On the 6th June after a short early game drive at Nxai, we move 4 hours into Makgadikgadi Pans National Park, to an exclusive site a few km from Khumaga. The Makgadikgadi Pans Game Reserve – with an area of 3 900 km2 – incorporates the western end of Ntwetwe Pan, extensive grasslands and acacia woodland. At its northern boundary, it meets the Nxai Pan National Park, separated only by the Nata-Maun Road. The Boteti River last flowed in 1992 and started flowing again past Khumaga in early 2009. It dried up again in 2019 and we don’t know if there will be water or not. There are solar powered boreholes here that work of the river is dry. During the dry season, the Boteti River in the Makgadikgadi Pans National Park thrives with activity as literally thousands of Zebra and Wildebeest vie for water. There is also a small group of Hippopotamus that live in the river and some crocodiles that had dug caves into the banks of the dry riverbed
We have 2 nights here and will explore the riverfront extensively.

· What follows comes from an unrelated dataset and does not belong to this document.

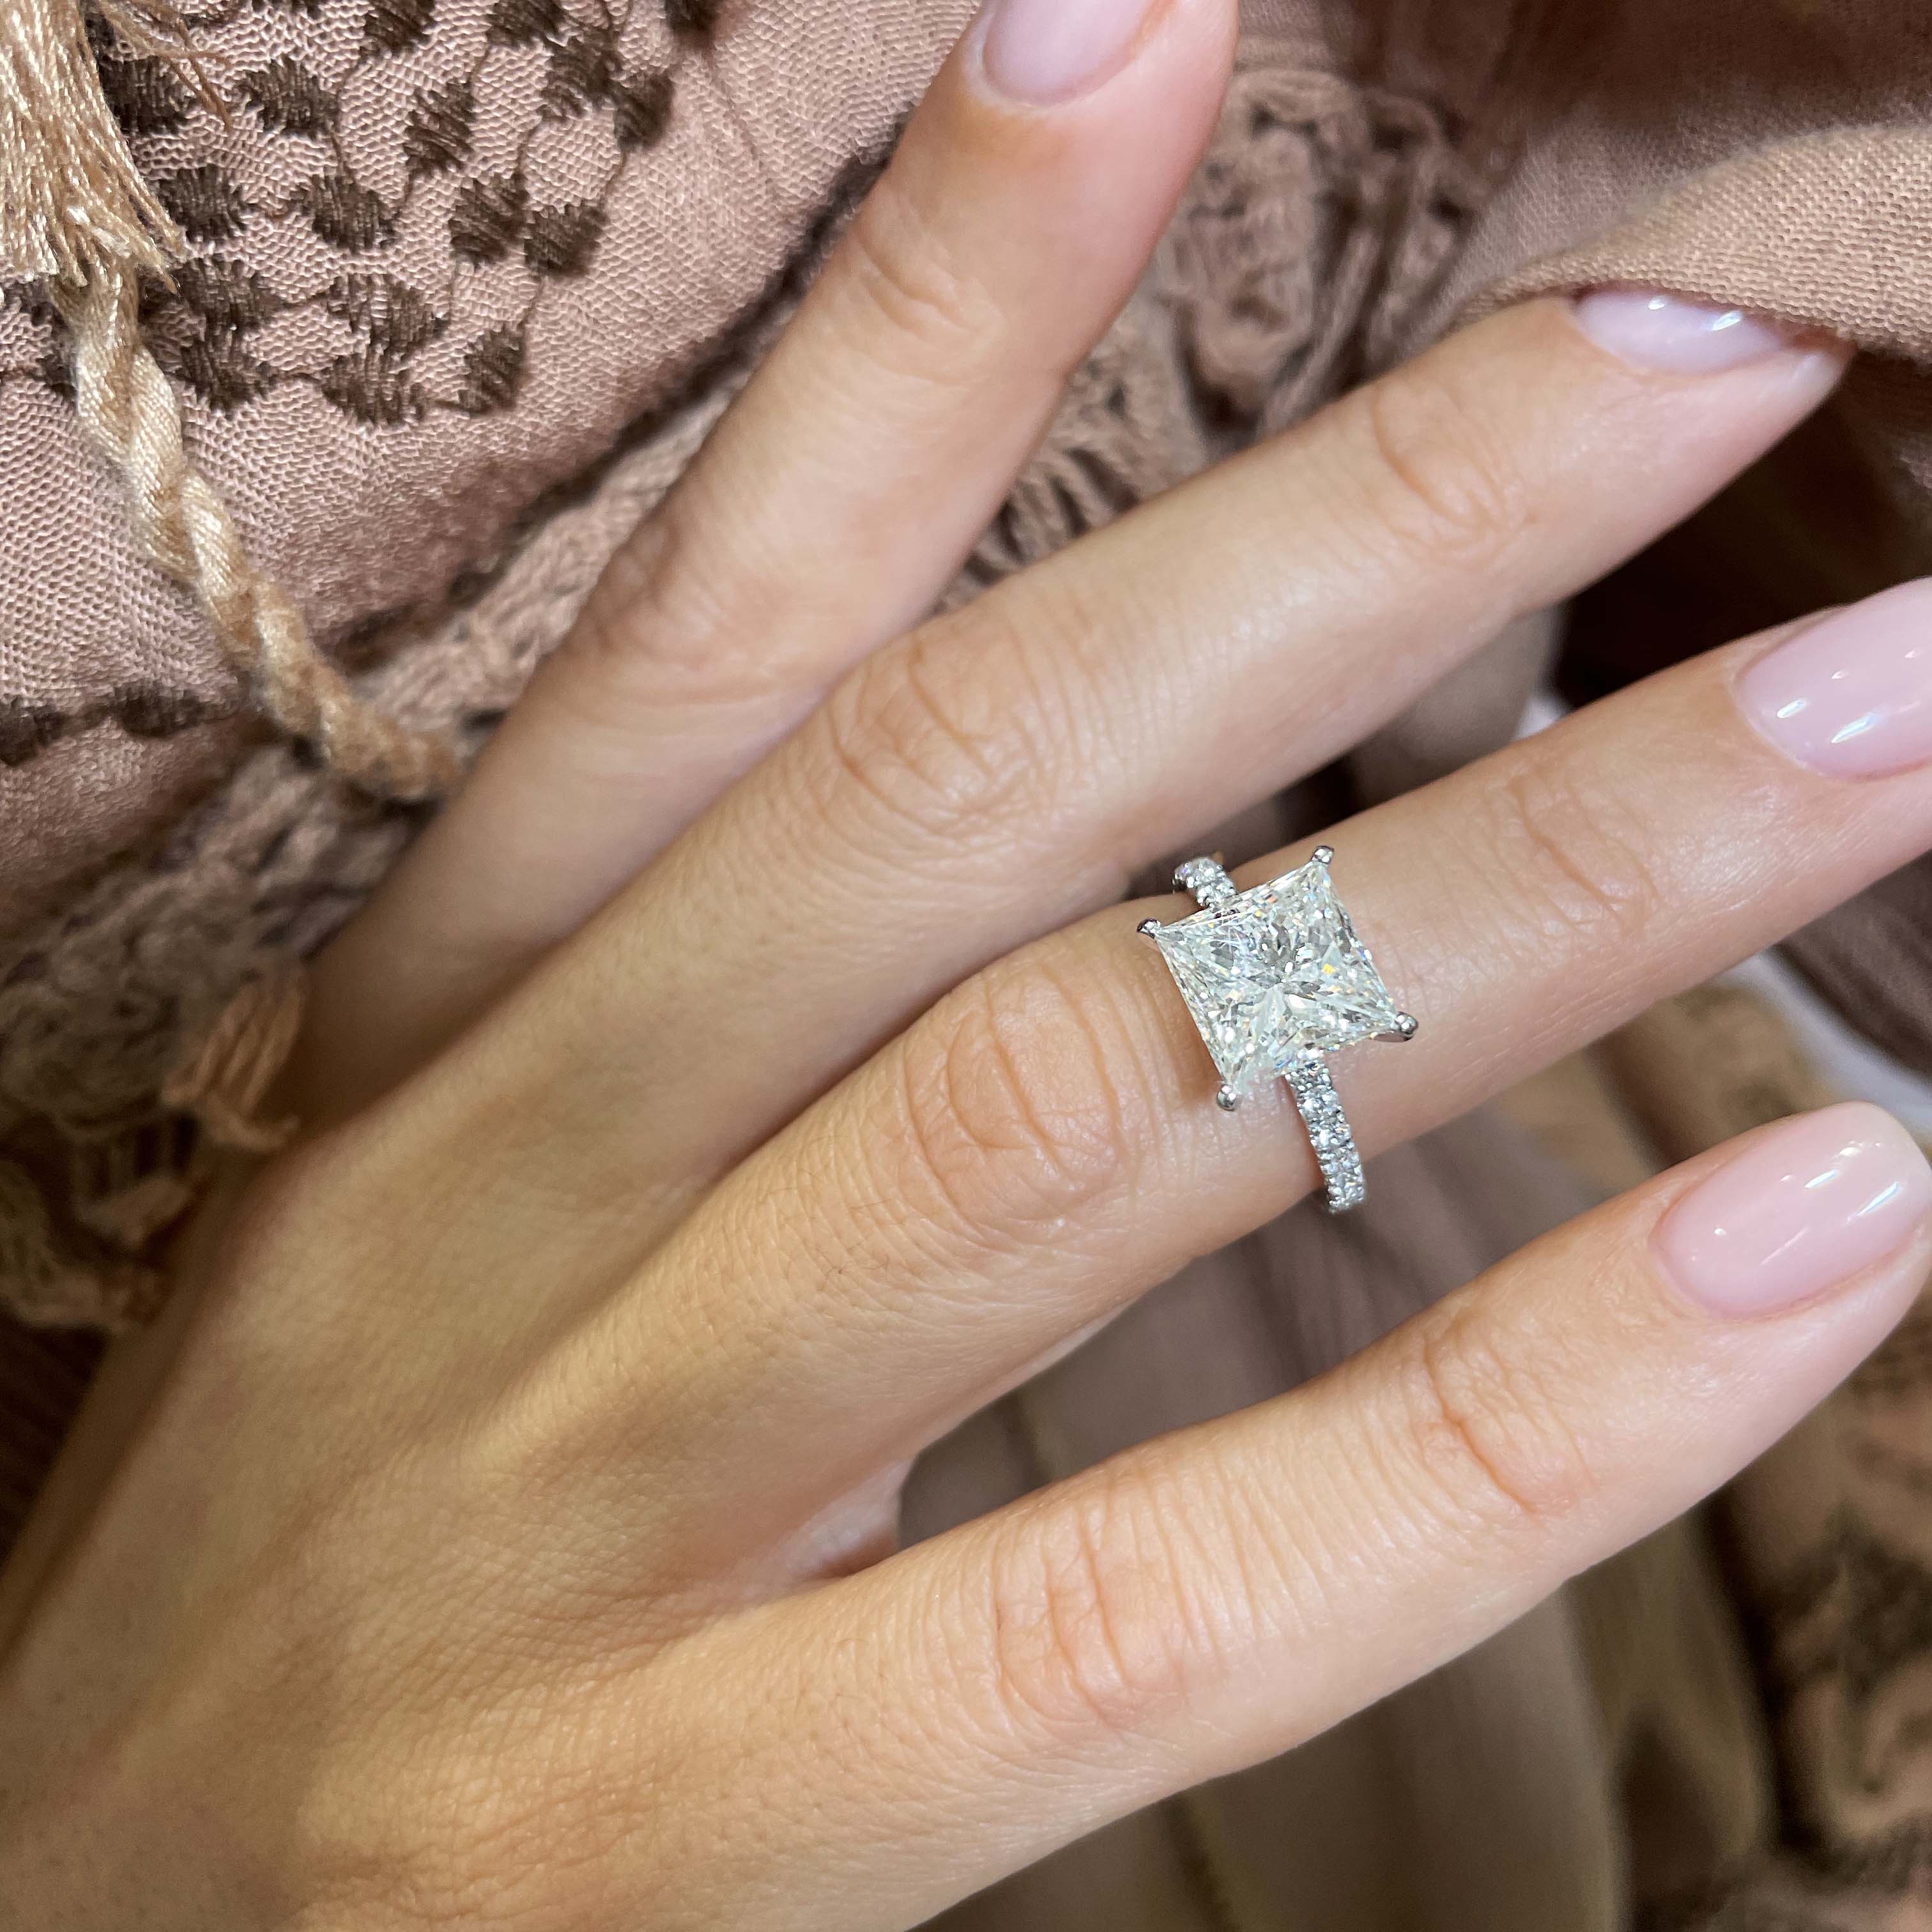 Blair Diamond Engagement Ring -14K White Gold

On the 8th June after a last short drive here we cross the Boteti River by ferry, if the water is up, and drive to the Central Kalahari Game Reserve via Rakops where we get ice and diesel. We enter the park at Matswere Gate where we get firewood and water and have our picnic lunch before we drive another 1 1/2 hours to Deception Valley where our camp will be set up in an exclusive site for 3 nights.

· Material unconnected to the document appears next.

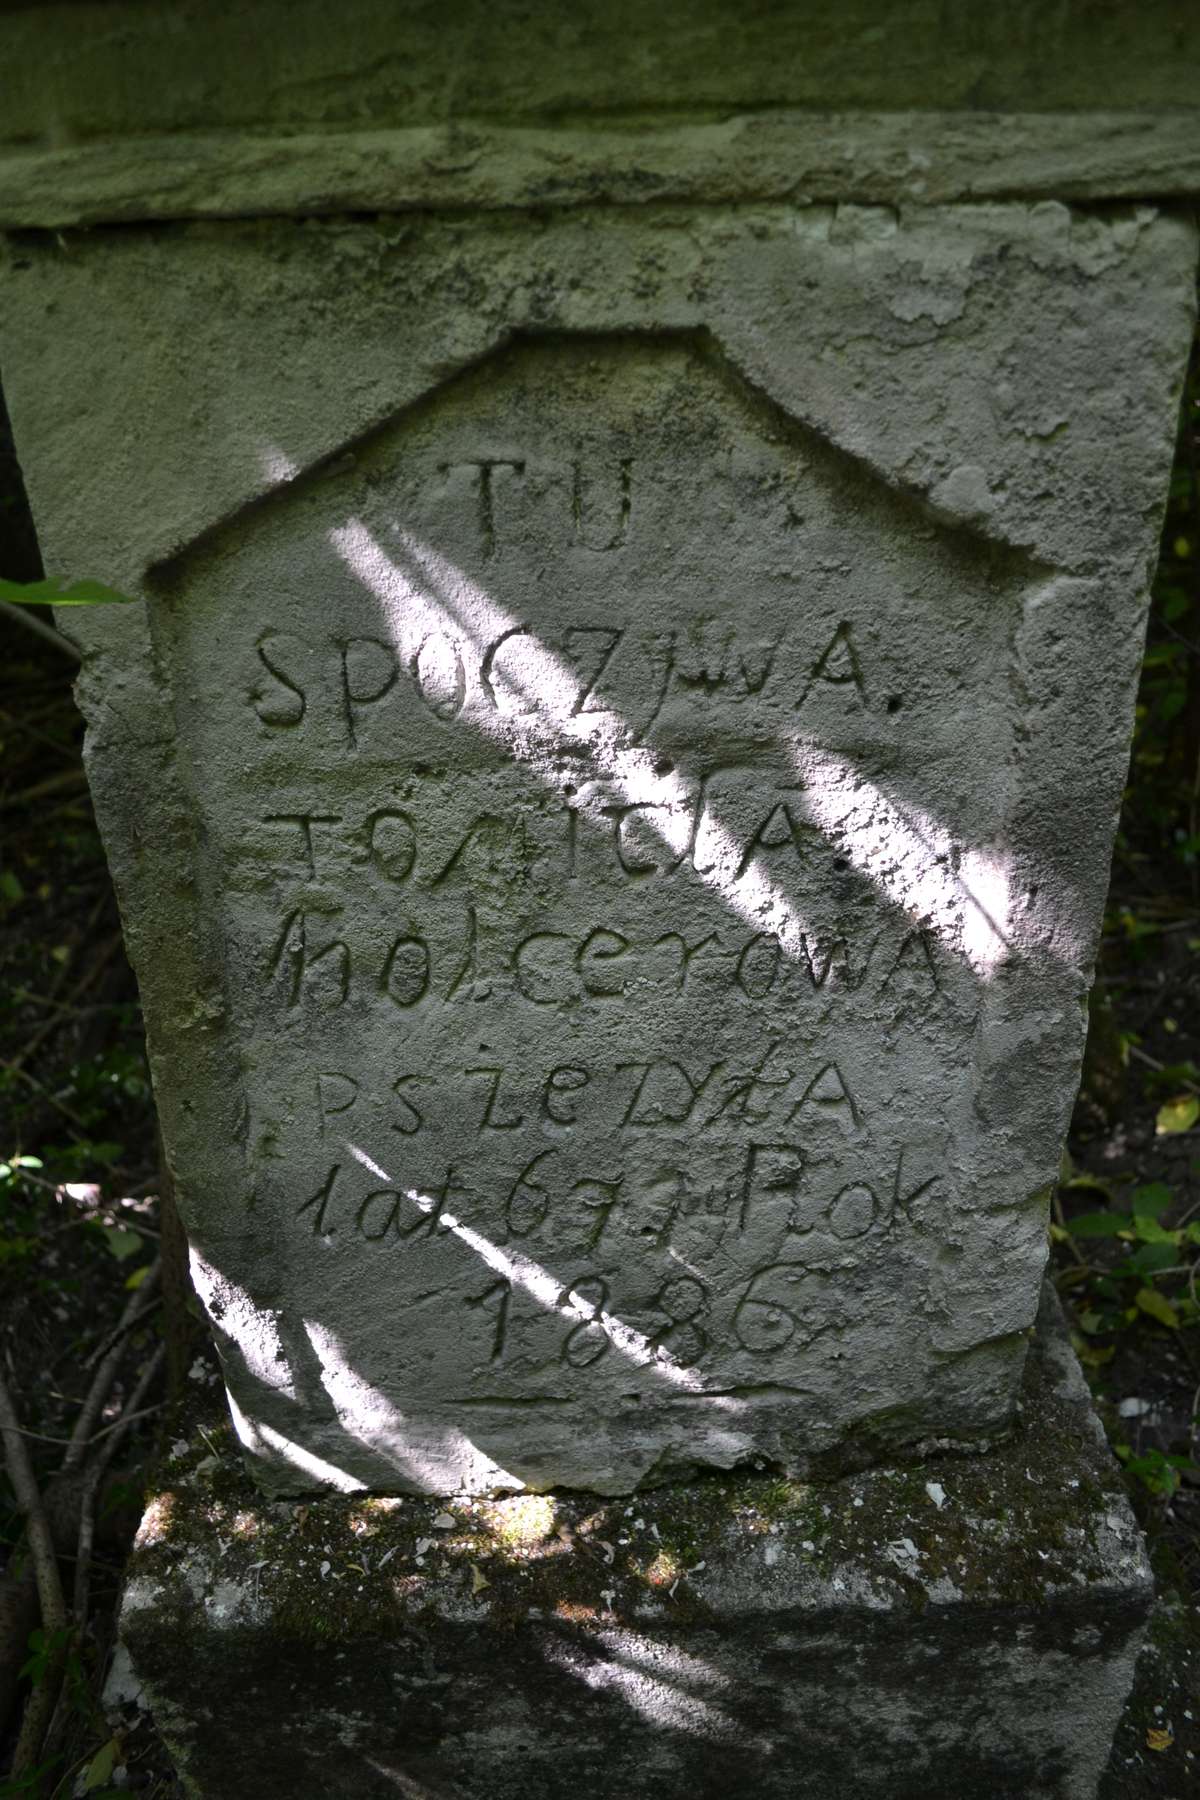 Inscription from Tomira Kolceowa's gravestone, Bucniv cemetery

One of the remotest and most unspoiled parts of Africa, the Northern part of this park is one of the prime game viewing areas in Botswana. This is the largest Game Reserve in Botswana covering 52,800 km2. Nothing prepares you for the immensity of this reserve, nor its wild, mysterious beauty. There is the immediate impression of unending space, and having the entire reserve to yourself. Waist-high golden grasses seem to stretch interminably, punctuated by dwarfed trees and scrub bushes. Wide and empty pans appear as vast white stretches of saucer-flat earth, meeting a soft, blue-white sky. At night the stars utterly dominate the land; their brilliance and immediacy are totally arresting. The best time to visit is during or soon after the rains when large herds of springbok and gemsbok, as well as wildebeest, hartebeest and eland gather for good grazing. The dry season amazes with seeing what these desert adapted animals can endure- most survive for months with no surface water to drink, getting moisture from vegetation such as tsamma melons, tubers that are dug up and dew. We will, depending on game movements, explore from Sunday Pan to Letiahau and in between.
On the 11th June after a last early drive and a hearty breakfast, we will drive under 5 hours to Maun. You overnight at Maun Lodge.